If your hiring process is feeling stale or you aren’t sure why new candidates aren’t working out, try treating your next hire like a research project. It will give you a fresh perspective on what you should be looking for, and where your current evaluation process may be falling short.
Every good research project starts with a question. In this case, ask yourself: What knowledge, skills, abilities and other characteristics (KSAO) do successful performers have in this role? It may seem obvious, but often hiring managers skip over this step and go straight to the candidate search.
When recruiters dig into this question they may find that no-one really knows the answer; or worse, that the skills and abilities everyone thought were appropriate for this role are off-base, causing them to hire the wrong people and cut the right ones from the candidate pool.
To answer the question, you need to conduct a job analysis, which is a study of the role – not the individual people filling the role. This is a key distinction because it helps remove bias and allows recruiters to identify the best combination of KSAOs for the job, rather than merely looking for a copy of the last person to hold the position.
A job analysis involves determining which activities the role is responsible for, the qualifications necessary to thrive in the role, and its relative importance to other jobs or employees.
Once you know what the job involves, you can research your hypothesis: if someone has the required combination of KSAOs, then they will be successful in the job.
The next step is to collect the data to test your hypothesis. Look at current and past people in the role, review assessment data, interview them about what the most important aspects of the job are, read their past performance reviews, gauge their productivity on key tasks, talk to their supervisions and peers, and revisit their resumes. The goal in this step is to validate that the KSAOs you defined in your analysis actually align with job performance – and to identify where there may be gaps.
As you gather and assess this data, ask yourself these questions:
- What do high and low performers have in common?
- What skills and attributes do managers and peers most value in this subject?
- What skills and attributes do they often lack?
- What KSAOs are required to succeed in the most important aspects of the job?
- What makes outliers (good or bad) different from the norm?
- How do specific skills and attributes align with overall job performance?
When you analyze the data, it is important to compare the job assessment results, which are scientific measures of a candidate’s knowledge skills and abilities, with the more qualitative performance ratings, peer reviews and resume data. This will give you a clear picture of what traits truly add the most value, which ones are neutral, and which attributes may be getting more attention than they deserve. For example, managers might think problem-solving skills are the most important feature for a candidate, whereas the job assessments will show that candidates who are assertive and responsive are the most successful.
The insights gathered from this analysis will help you assess your hypothesis about what makes the best candidate profile. As you study the data, look for correlations between individual traits and business results. The more the data from each category correlate to the others, the more on target your hypothesis about the ideal candidate profile will be.

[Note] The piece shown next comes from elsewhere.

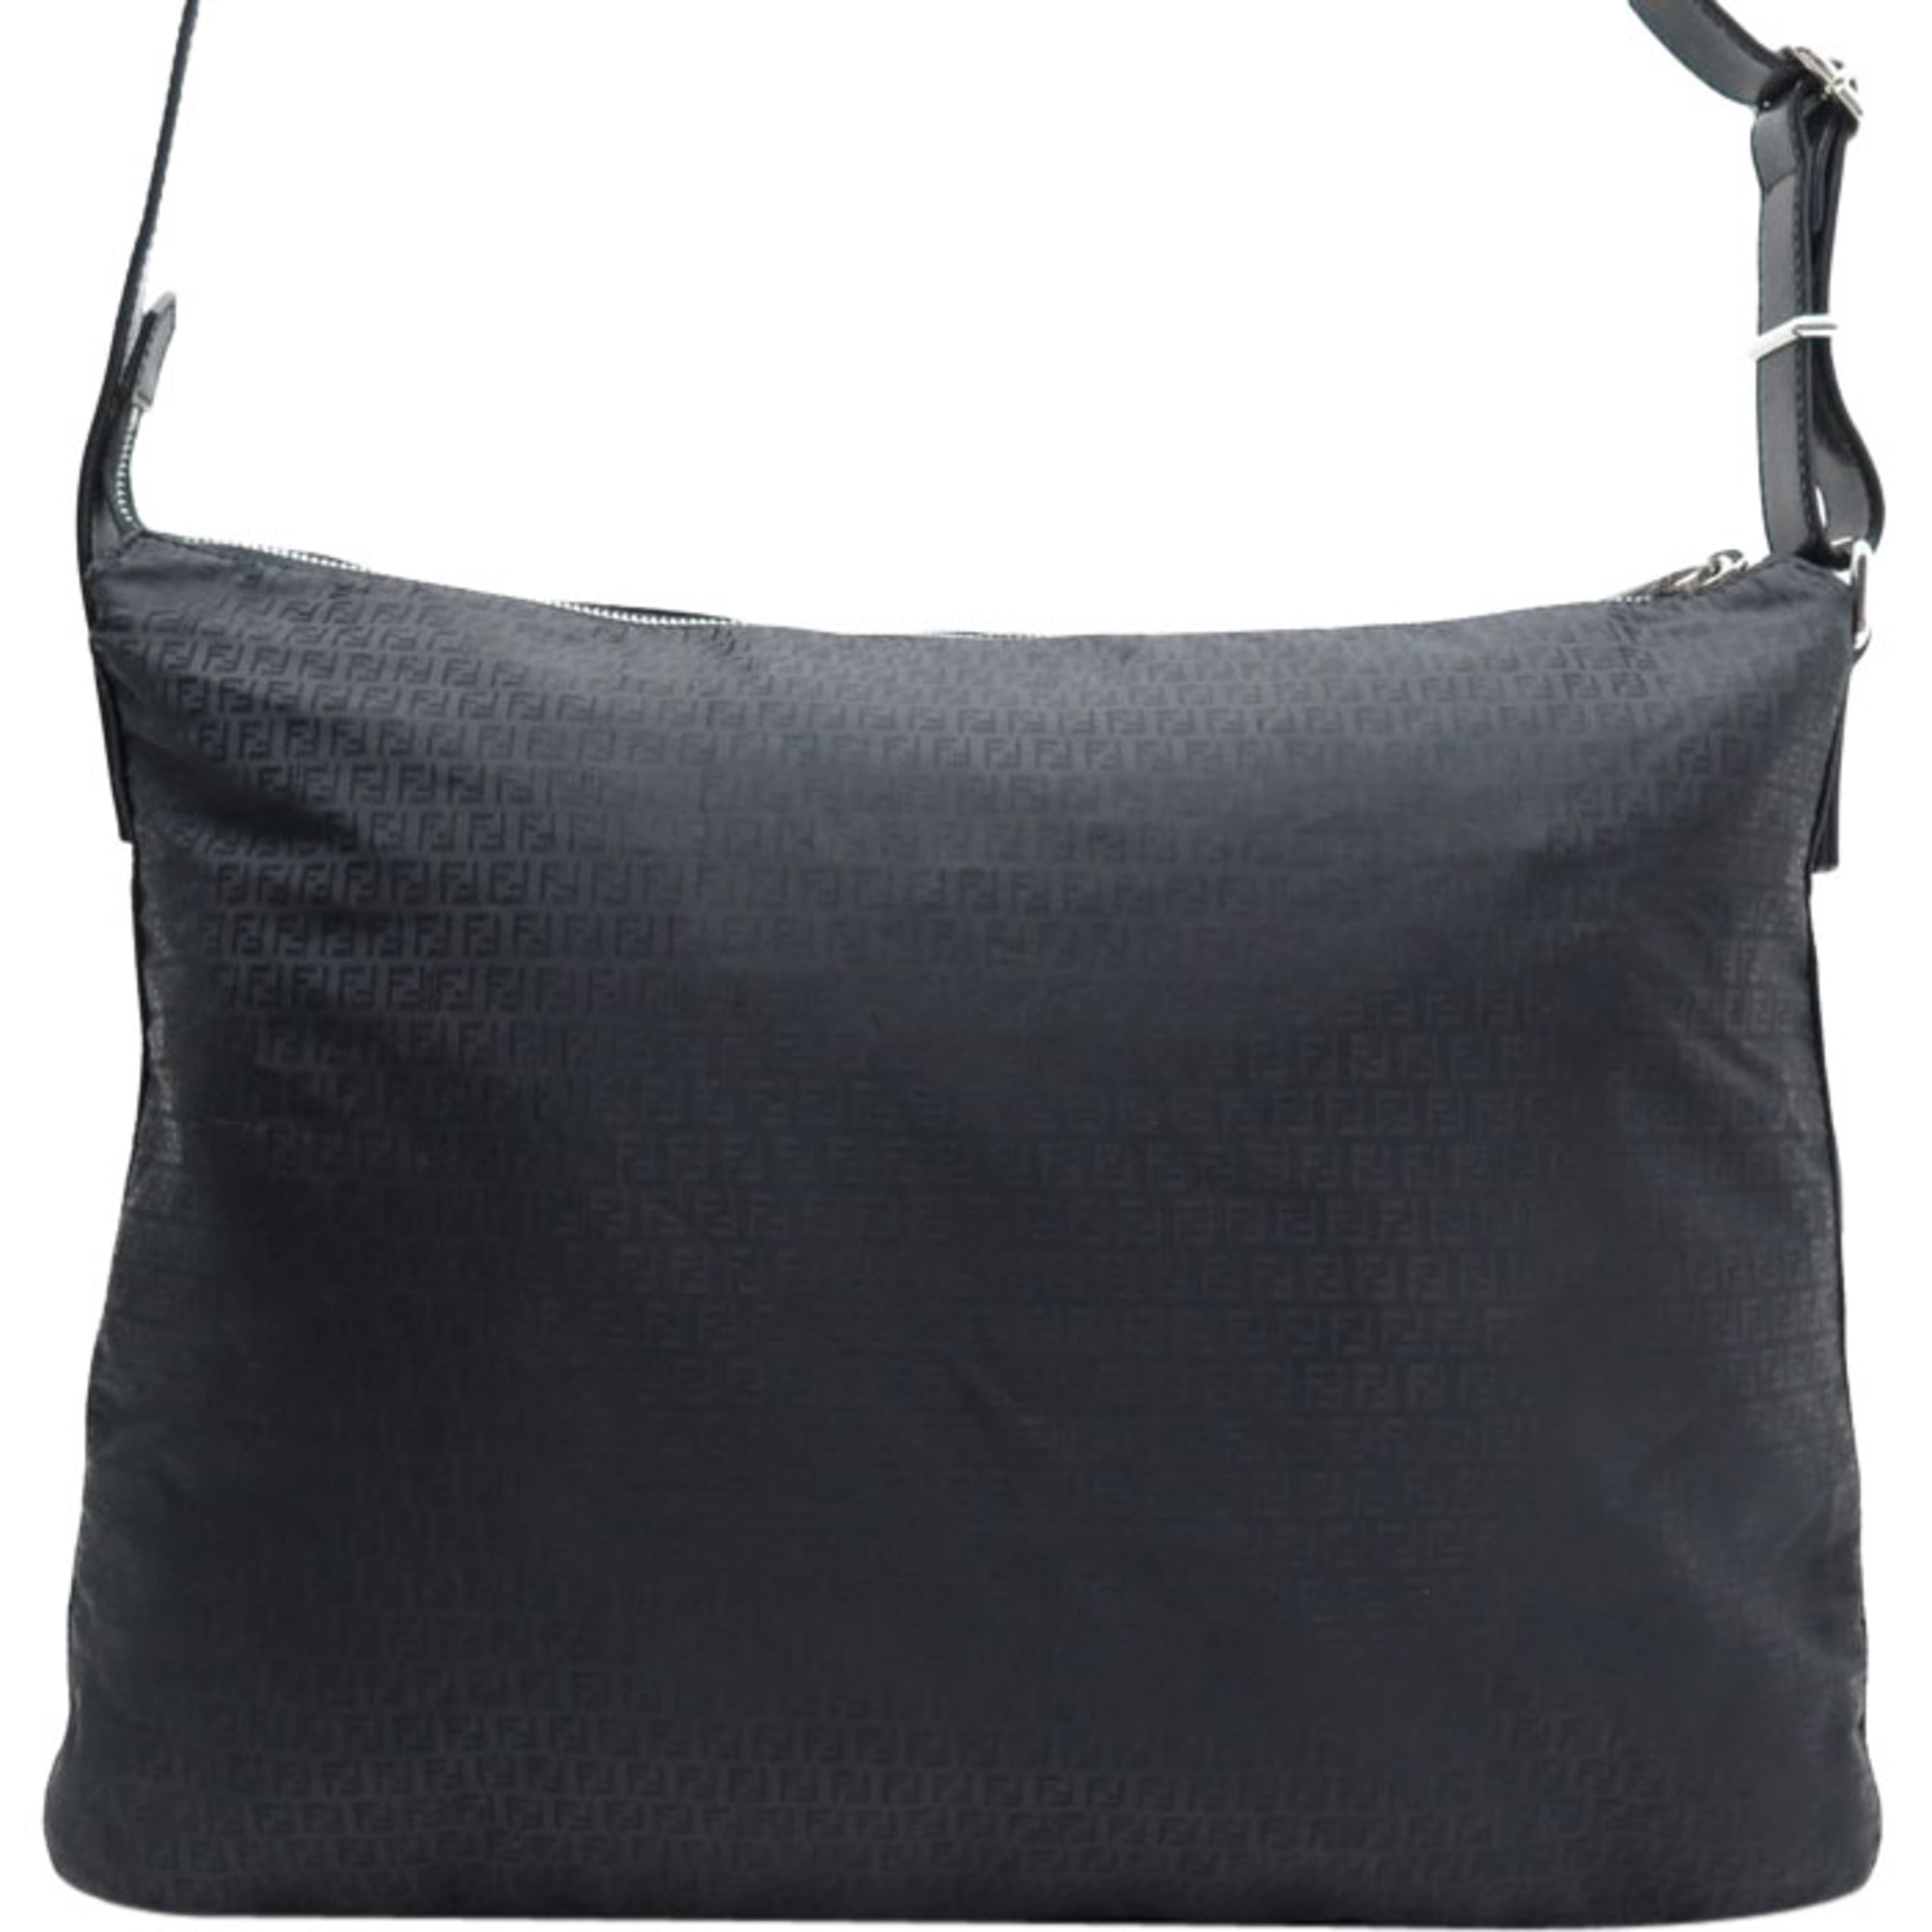 Non-Leather Shoulder Bag FENDI Black

This process can be a little time consuming, which is tough to justify when you are in a hurry to fill an empty role but it’s worth the effort. When you take the time to identify the KSAOs that make a candidate special it can transform your hiring process, and ensure every hire will be a good fit for the job.
Though don’t assume this is a one-and-done activity. While job analyses and the accompanying validation that comes from it can inform hiring for a long time, jobs aren’t static and neither are the skills and attributes required to do them well. The job and the context of a job is always changing, so take the time to periodically revisit your assumptions so you know when it is time to head back to the lab.